§ **Work to be completed**: Below is a listing. Return the lines from the one that contains "Jogo 8 Taças" to the one that contains "Маникюр в тёмно-зелёном", both ends included, verbatim and with no pictures.
─── Extracted material
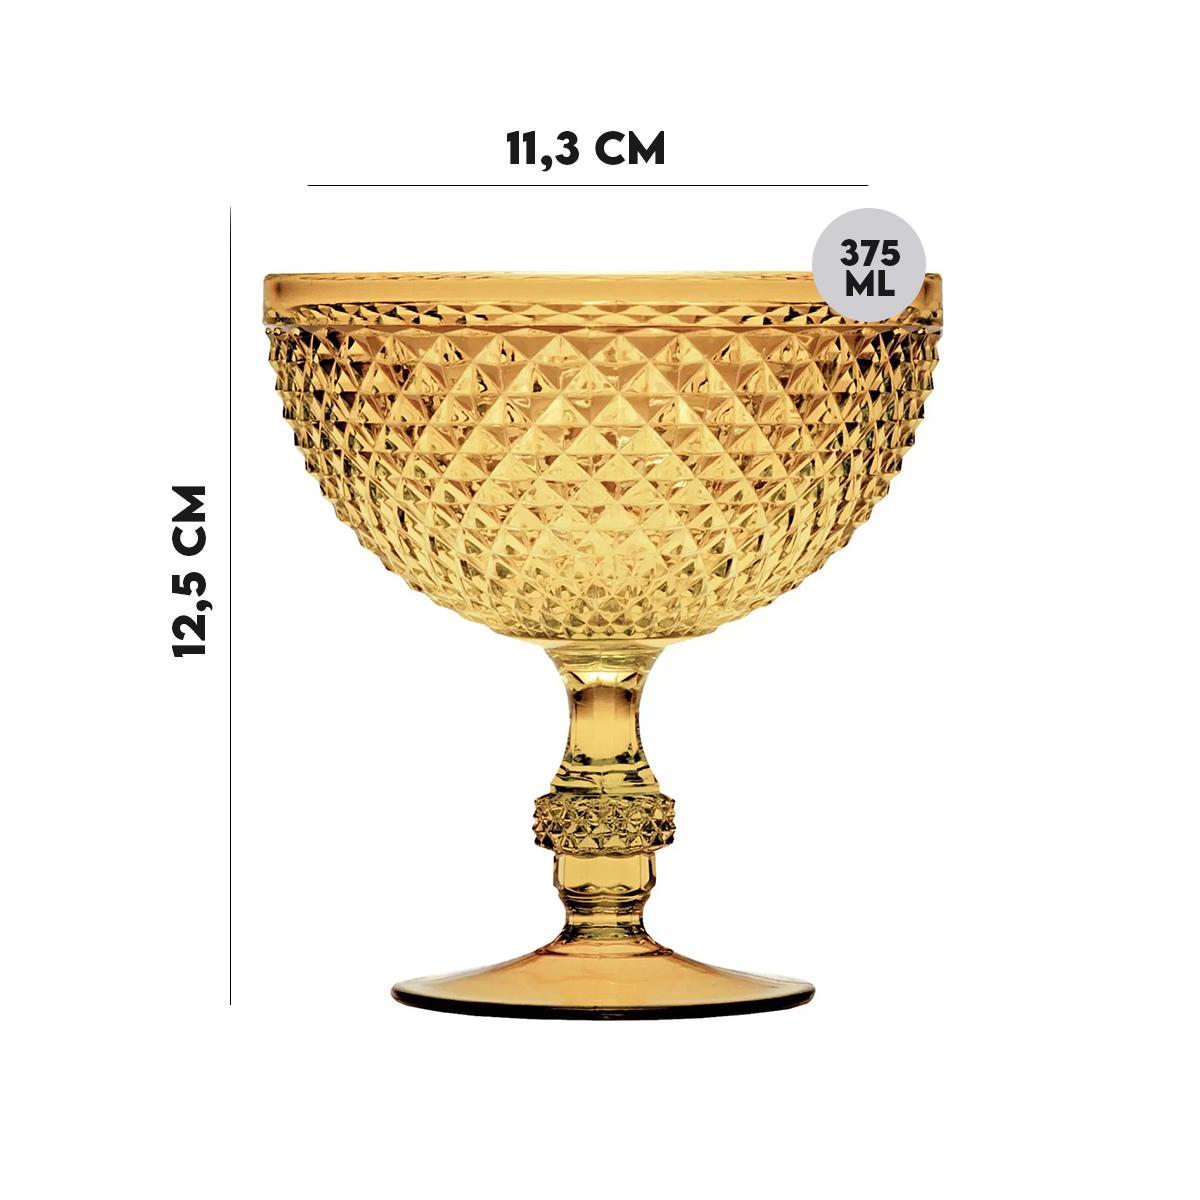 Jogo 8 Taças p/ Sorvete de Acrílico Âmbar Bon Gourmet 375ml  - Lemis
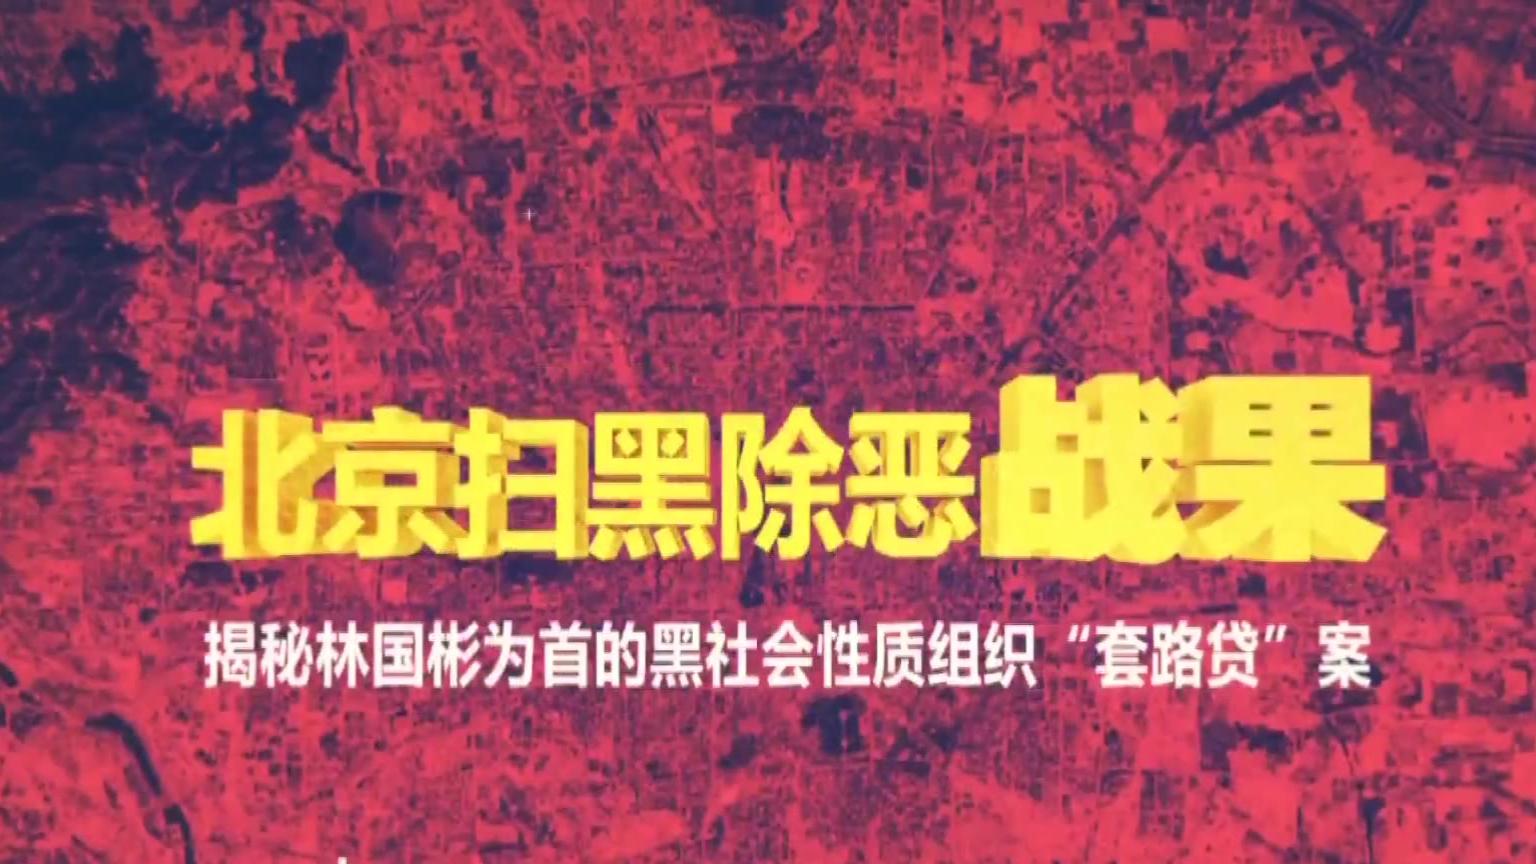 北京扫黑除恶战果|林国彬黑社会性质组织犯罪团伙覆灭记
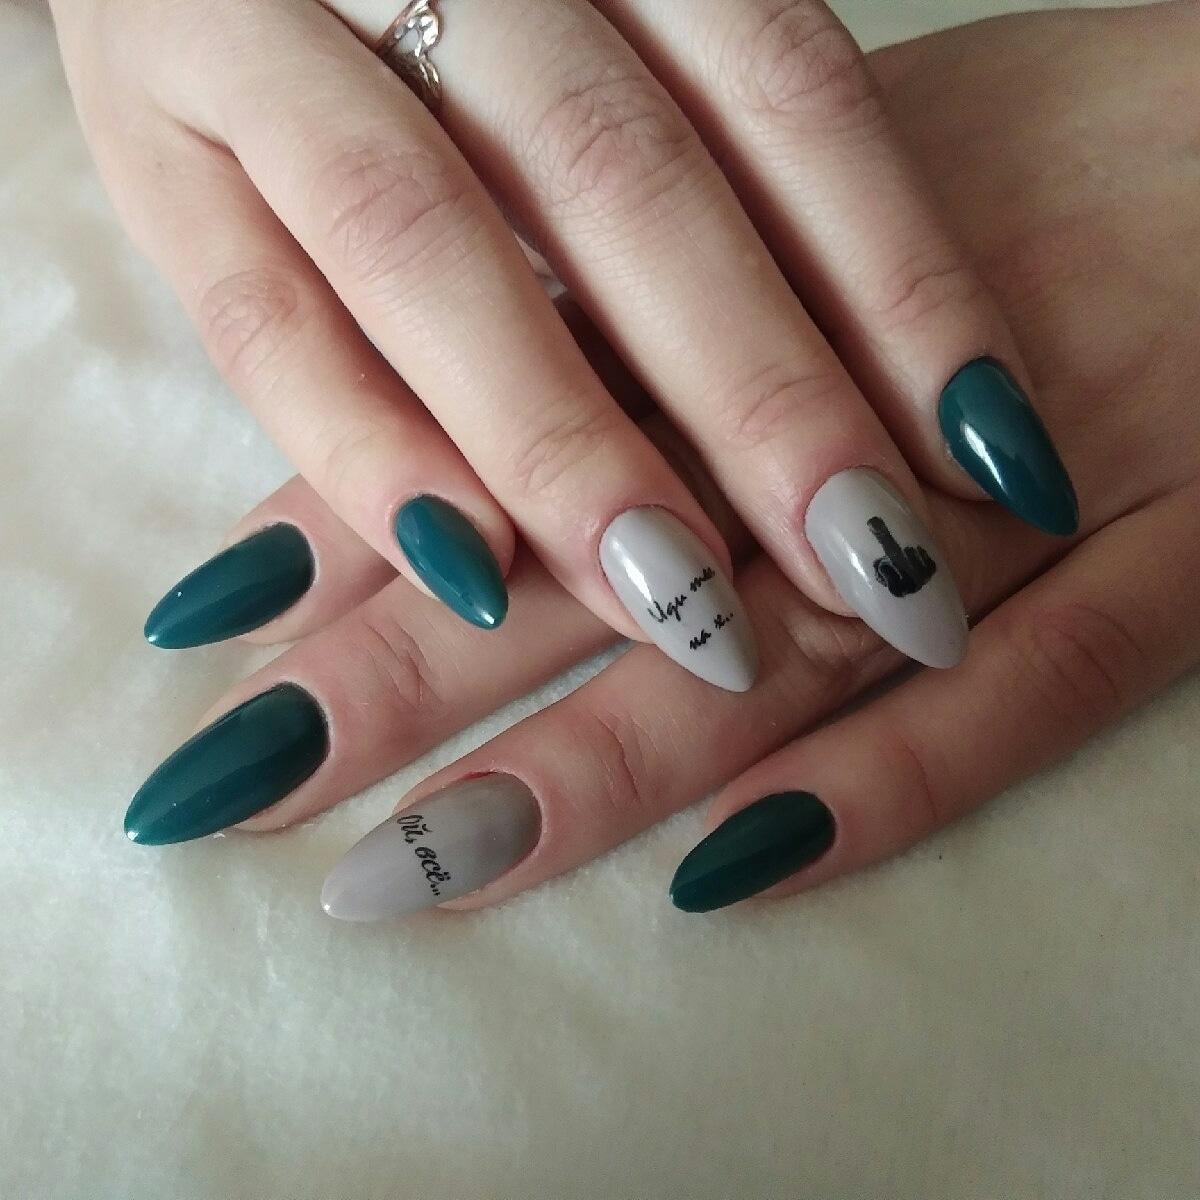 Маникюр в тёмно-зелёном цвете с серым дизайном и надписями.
──────
─── Extracted material
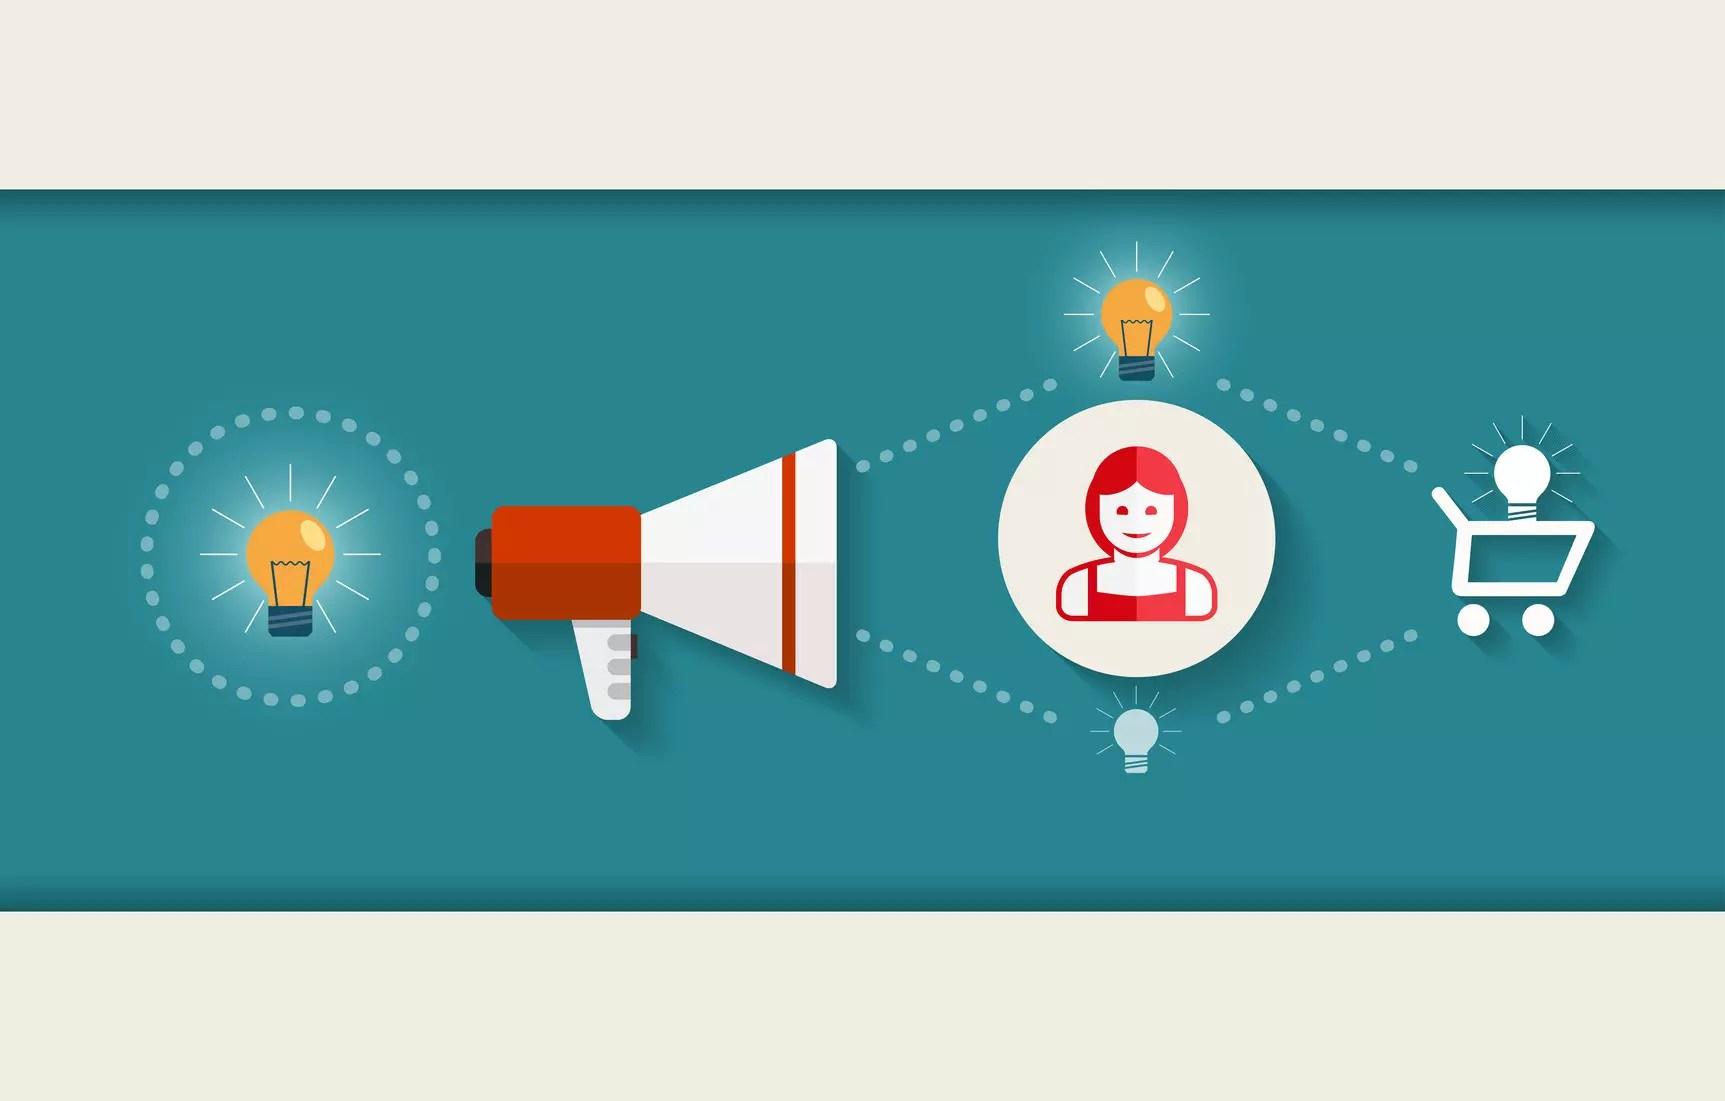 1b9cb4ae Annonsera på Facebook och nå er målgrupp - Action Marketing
──────
§ **Solution to the exercise**:
 Jogo 8 Taças p/ Sorvete de Acrílico Âmbar Bon Gourmet 375ml  - Lemis
 北京扫黑除恶战果|林国彬黑社会性质组织犯罪团伙覆灭记
 Маникюр в тёмно-зелёном цвете с серым дизайном и надписями.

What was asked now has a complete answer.